### What you need to do
Write out the data again exactly, skipping every picture.

### Information shown

----

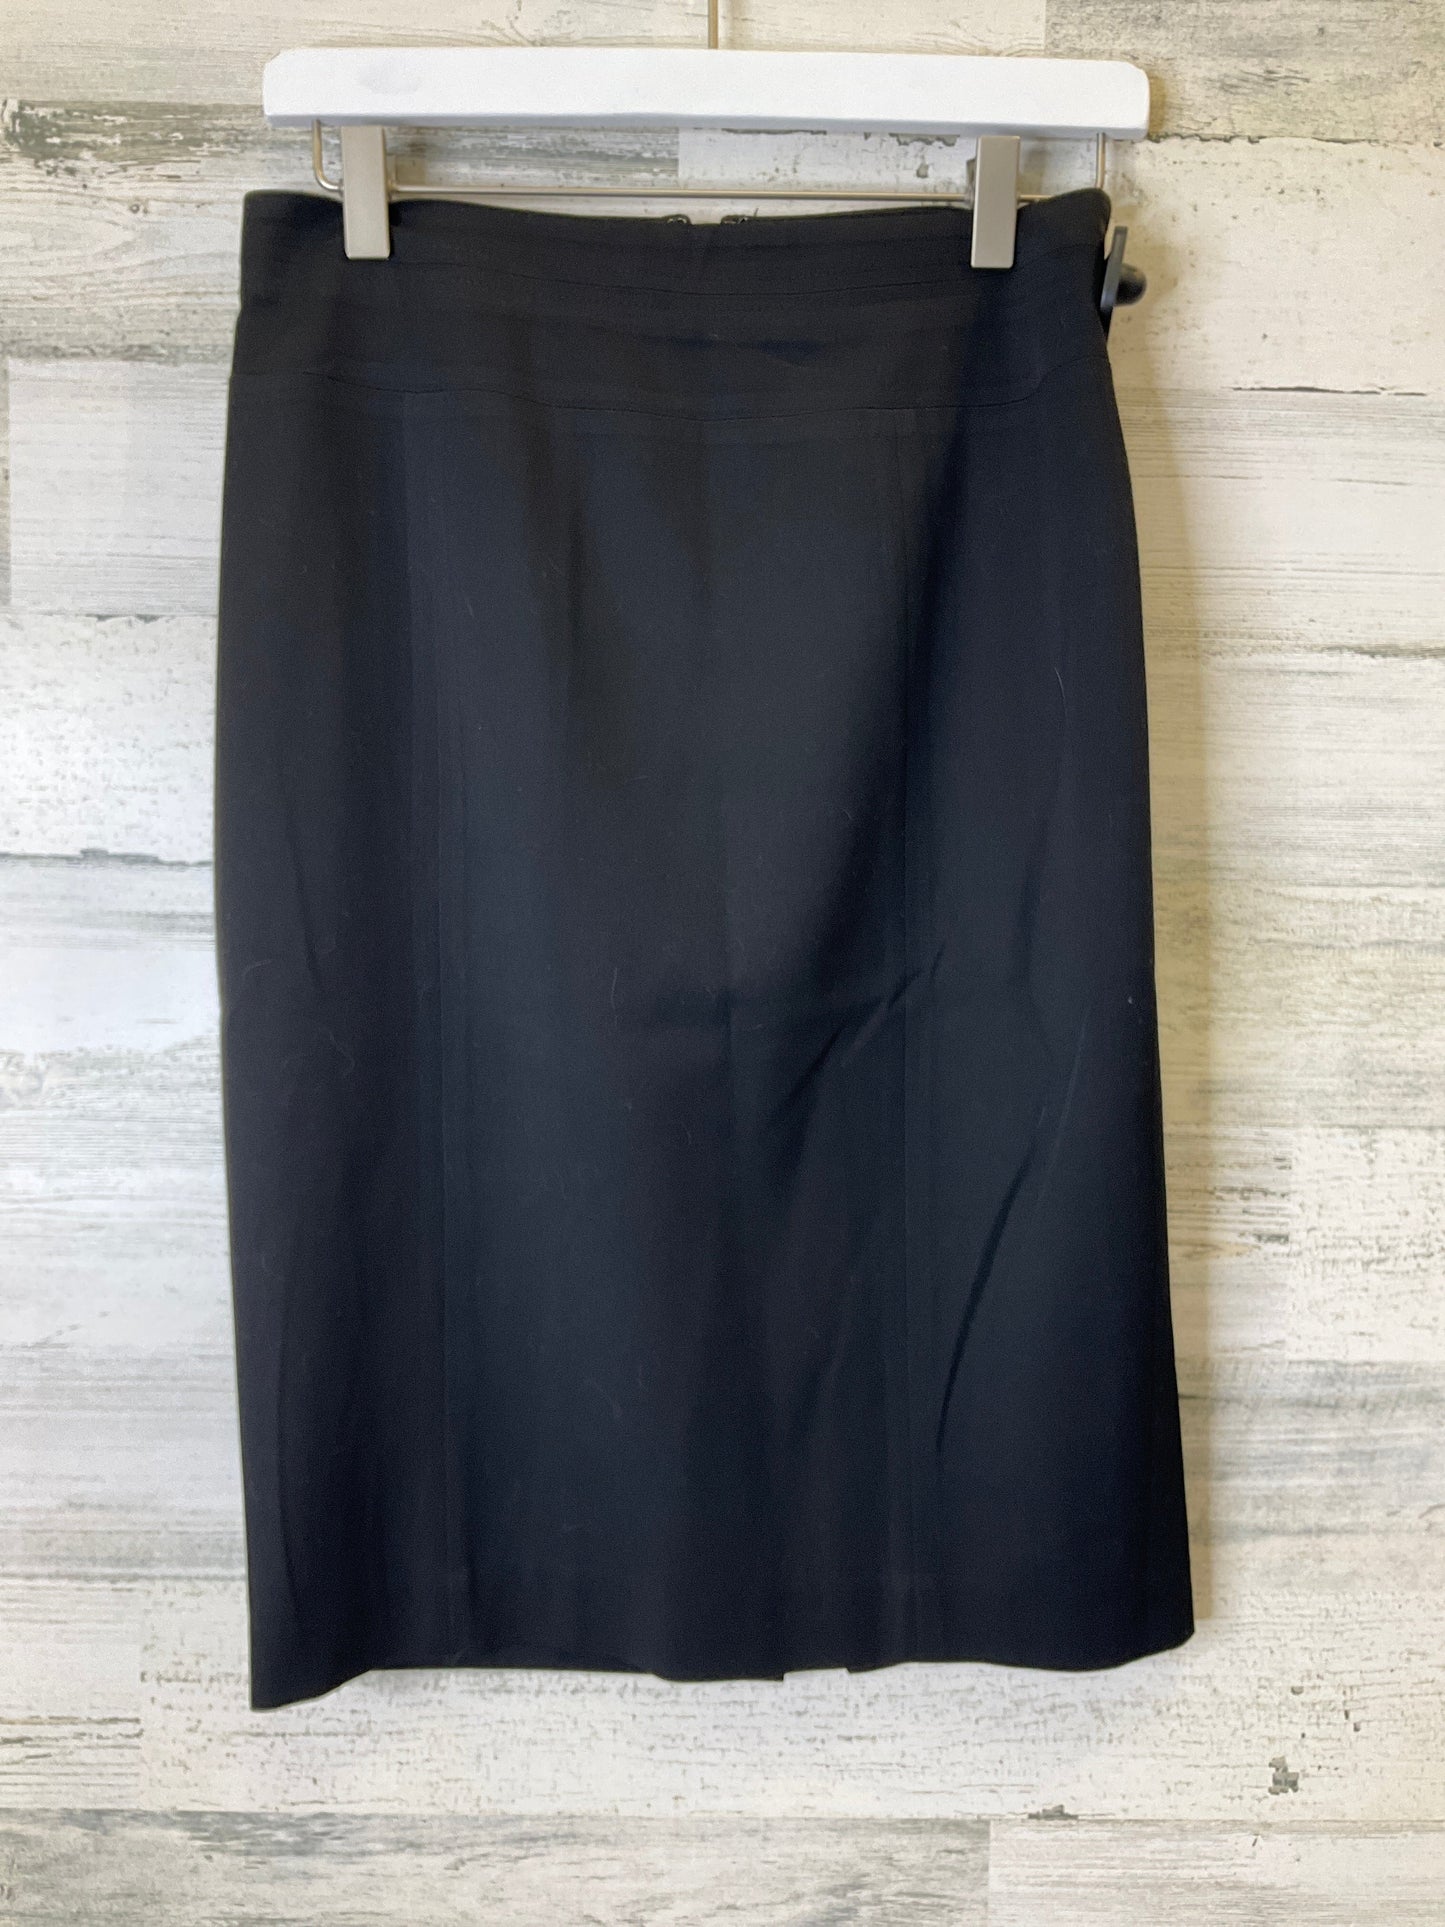 Skirt Midi By White House Black Market  Size: 2
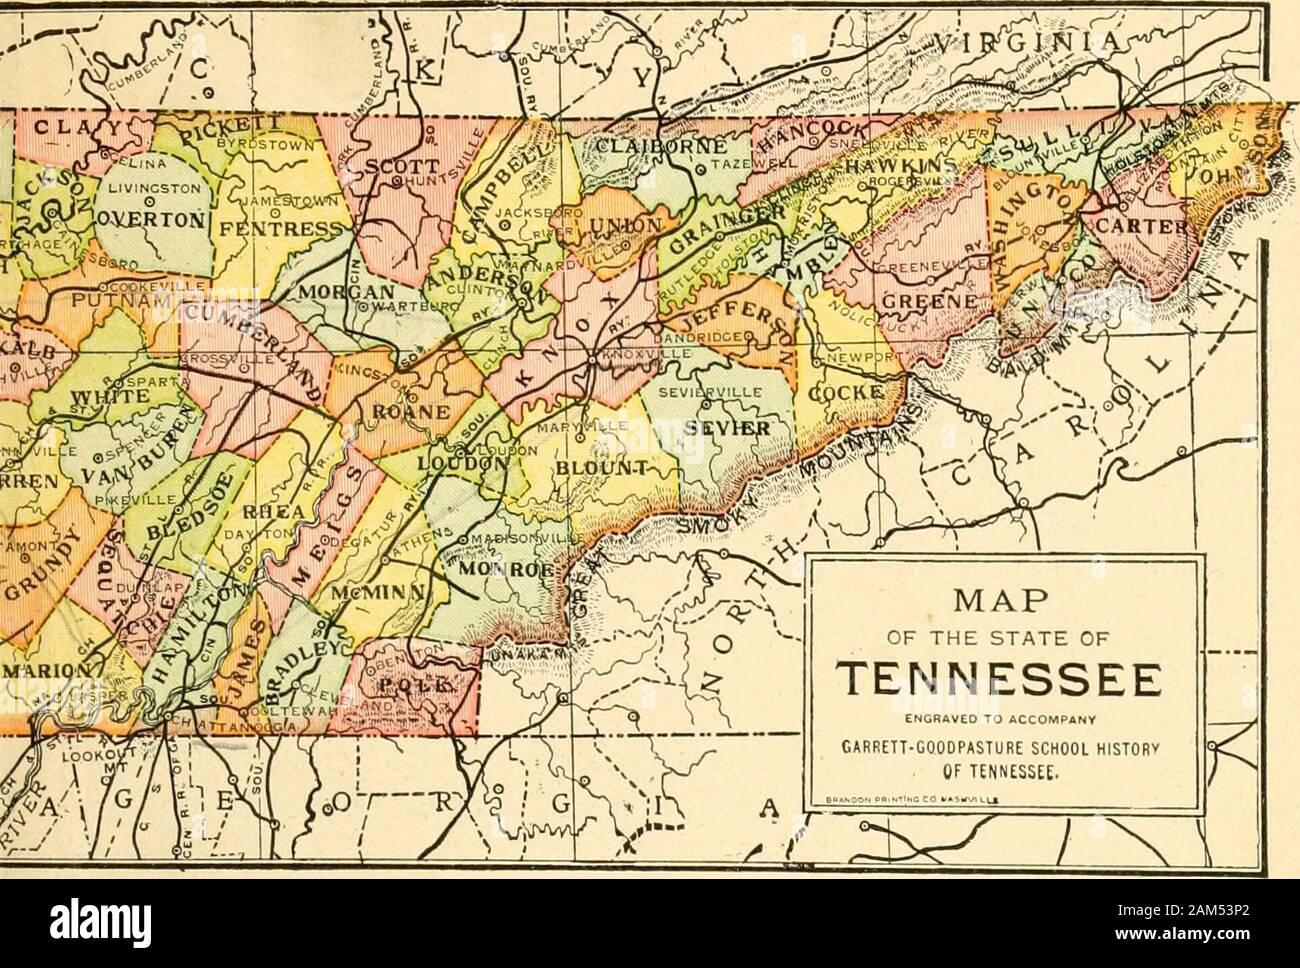 History of Tennessee, its people and its institutions . Johnson....Knox CouJSTY Seat. Jamestown ..Winchester... Trenton Pulaski Rutledge Greeneville ..Altamont ....Morristown ..Chattanooga . Sneedville Bolivar Savannah ....Rogersville...Brownsville ..Lexington.... Paris Centreville Erin Waverly Gainesboro... Ooltewah Dandridge ...,Mountain CityKnoxville V n! «E A 1823180718231809179617831844187018191S44182 s18191/S6182.318211S211S071S71 ISOQ iSoi 1871 1792 IS351792 5,22118,92 35,8534,9513,1926,61. 6,34.11,41;53,4810 3421,02117,69; 22,2423,55 16,33 21,07 14,49 5,3911,7213,32, 4,9016,47 8,85;;59 Stock Photo
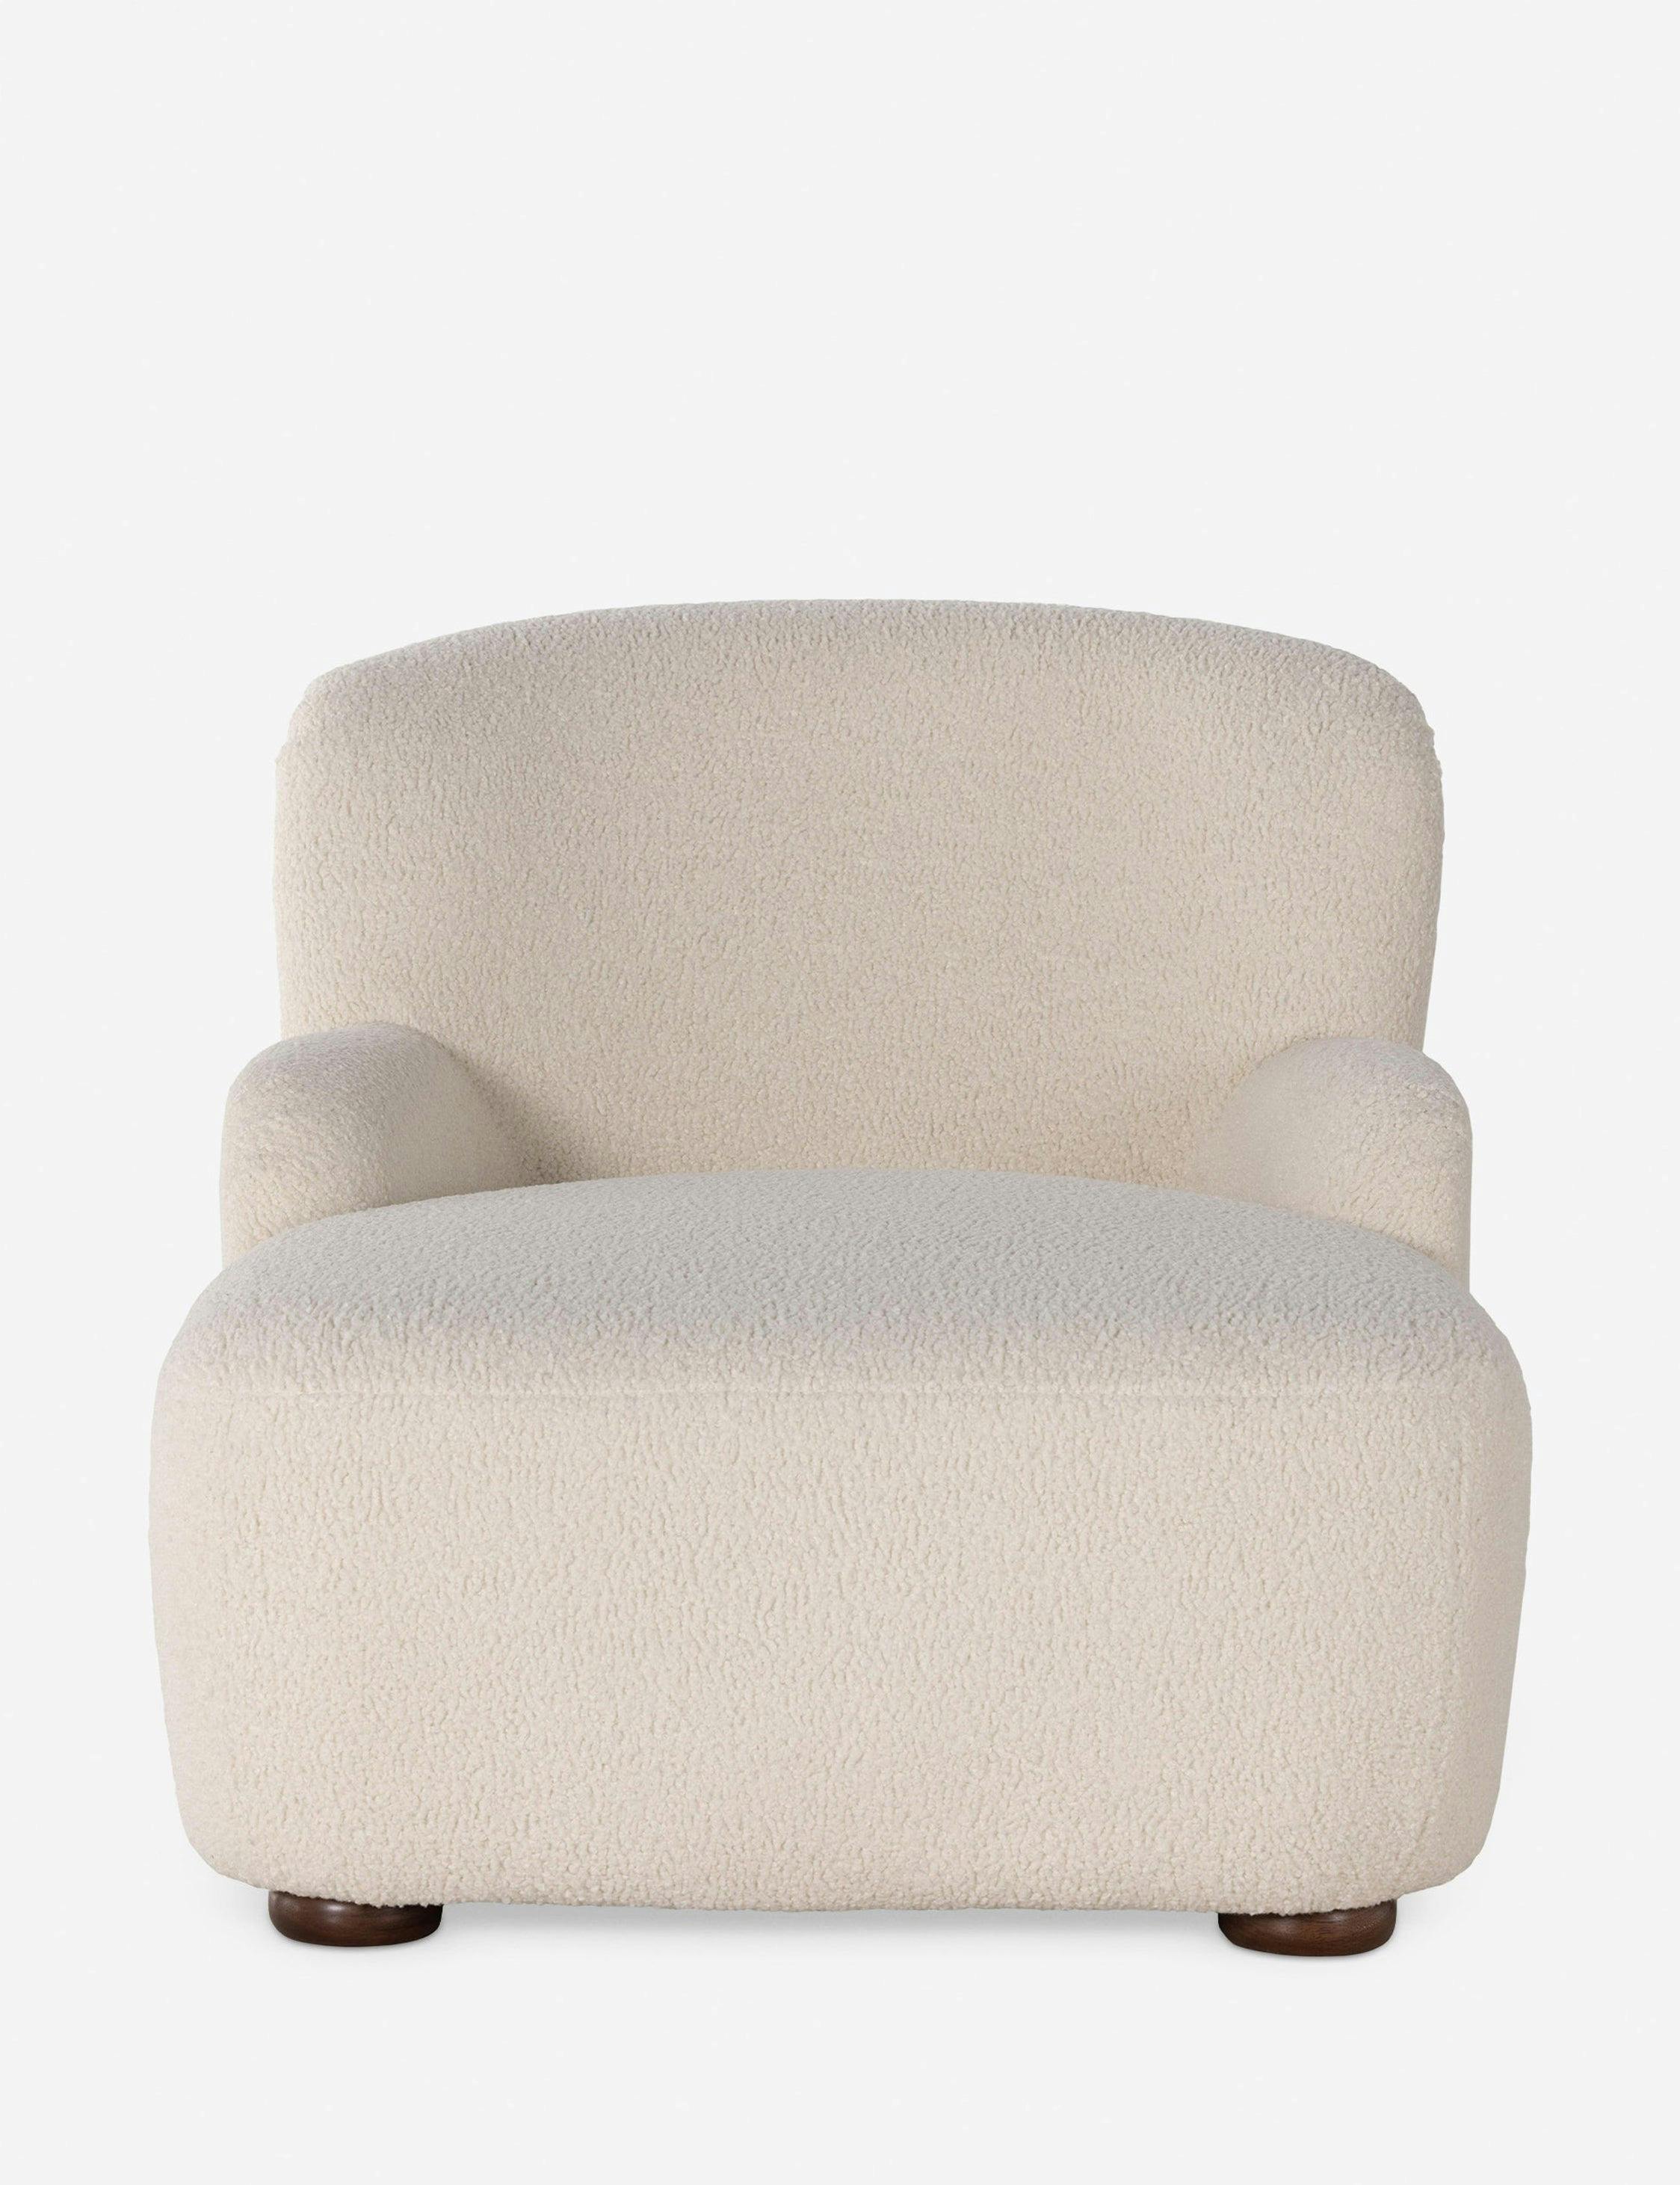 Preston Natural Sheepskin Upholstered Chaise Lounge
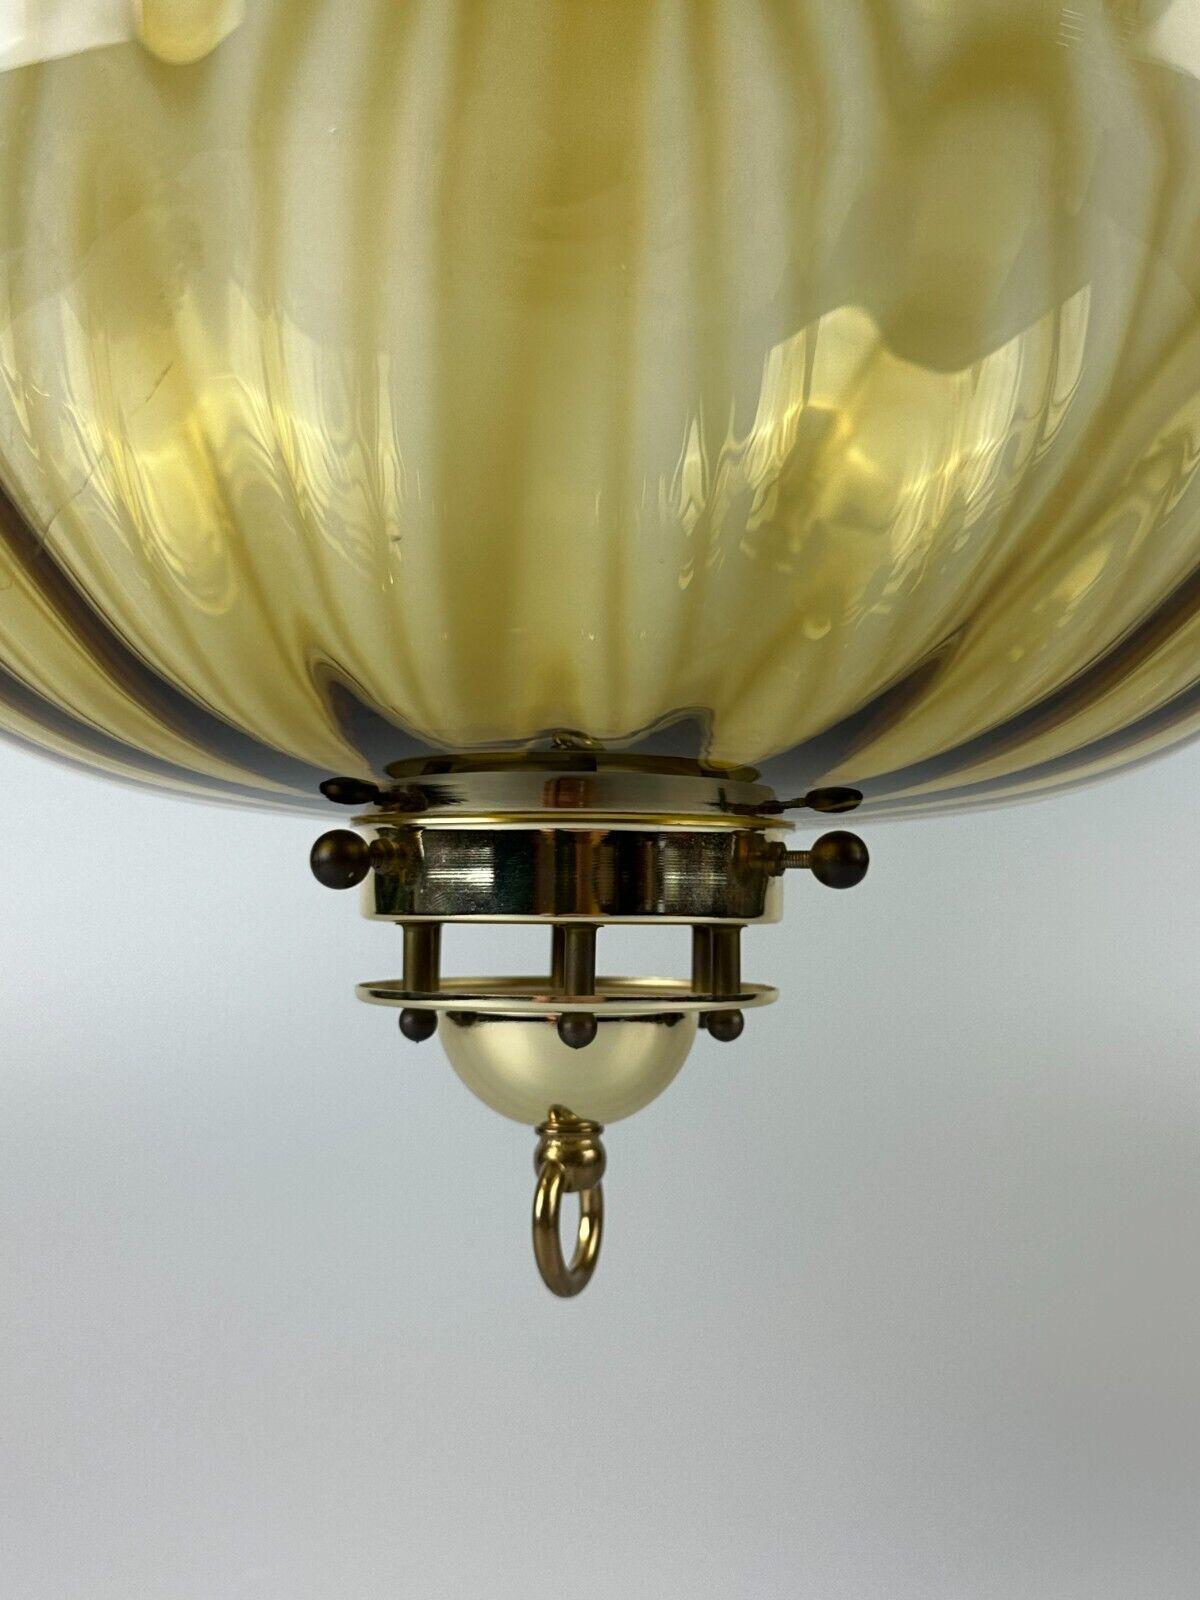 60s hanging lamp

----

### Result for this exercise
 Skirt Midi By White House Black Market  Size: 2
 History of Tennessee, its people and its institutions . Johnson....Knox CouJSTY Seat. Jamestown ..Winchester... Trenton Pulaski Rutledge Greeneville ..Altamont ....Morristown ..Chattanooga . Sneedville Bolivar Savannah ....Rogersville...Brownsville ..Lexington.... Paris Centreville Erin Waverly Gainesboro... Ooltewah Dandridge ...,Mountain CityKnoxville V n! «E A 1823180718231809179617831844187018191S44182 s18191/S6182.318211S211S071S71 ISOQ iSoi 1871 1792 IS351792 5,22118,92 35,8534,9513,1926,61. 6,34.11,41;53,4810 3421,02117,69; 22,2423,55 16,33 21,07 14,49 5,3911,7213,32, 4,9016,47 8,85;;59 Stock Photo
 Preston Natural Sheepskin Upholstered Chaise Lounge
 60s hanging lamp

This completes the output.